Barclays, for example, recently increased the rate it pays for its online savings accounts from 0.5% to 0.55%, Tumin said, while Discover Financial Services and American Express have increased their rates. high-yield savings from 0.4% to 0.5%.

Business customers of banks — who put their extra cash in safe assets that earn some cash — should also charge higher rates than typical consumers.

But banks are likely comfortable with some of those corporate deposits moving off their balance sheets, said Jai Sooklal, a partner at consultancy Oliver Wyman. Some banks have already authorized the liquidation of certain business deposits due to the expiry regulatory relief under the additional leverage ratio.

After the Fed allowed that relief to expire last year, making it a little less attractive for banks to hold on to deposits, some big banks took measures aimed at reducing certain corporate deposits.

These steps include eliminating certain corporate clients whose deposits are less stable and more sensitive to rate changes, potentially charging clients who maintain deposits above a certain amount, and encouraging clients to transfer a portion of their deposits in money market funds, Sooklal said.

The Fed’s rate hikes and eventual unwinding of its balance sheet should increase the returns corporate clients can earn on alternatives to bank deposits, such as money market funds and higher-rated portions of mortgage-backed securities. .

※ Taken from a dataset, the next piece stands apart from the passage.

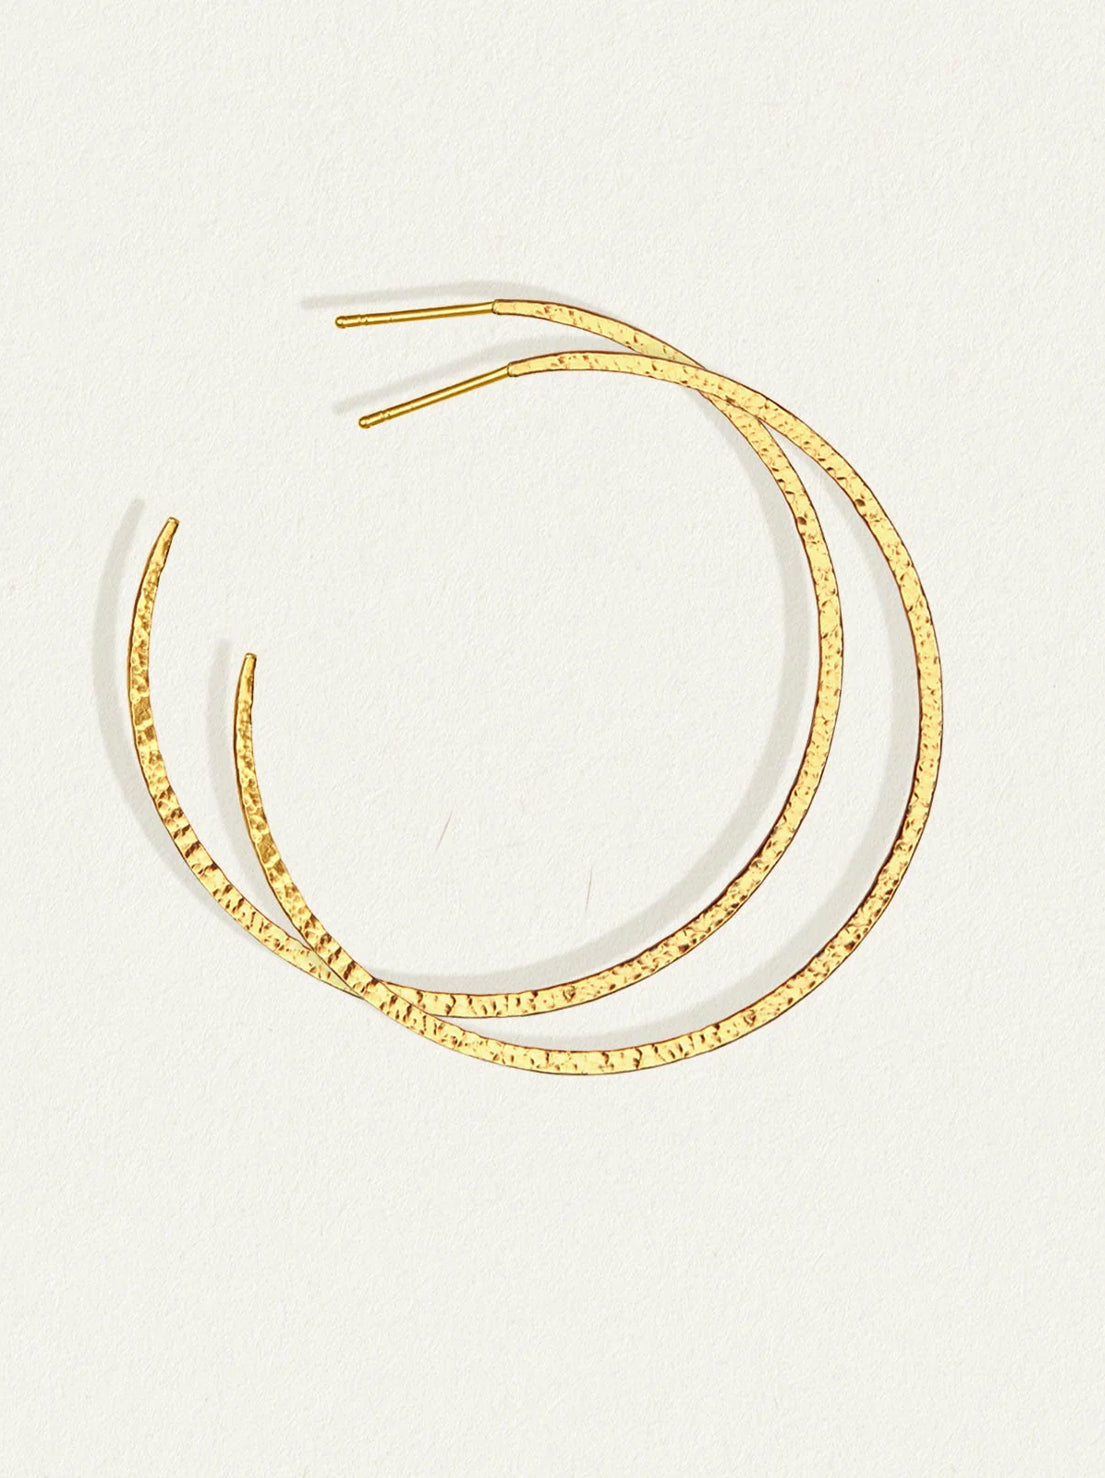 Temple of the Sun - Simple Hoop Earrings - Hammered Gold

At least initially, banks’ excess liquidity will reduce their appetite for higher-yielding alternatives, Sooklal said. This factor will keep banks’ deposit betas – or the extent to which they pass on changes in market interest rates to their depository clients – moderate initially.

That calculus will eventually change, with banks focusing on holding deposits, but when that inflection point will come remains uncertain, Sooklal said.

“When they get to the point where now the ones they didn’t like have gotten away, and now they want to keep the ones that are left, that’s when I think the betas are going to have to start increasing,” Sooklal said.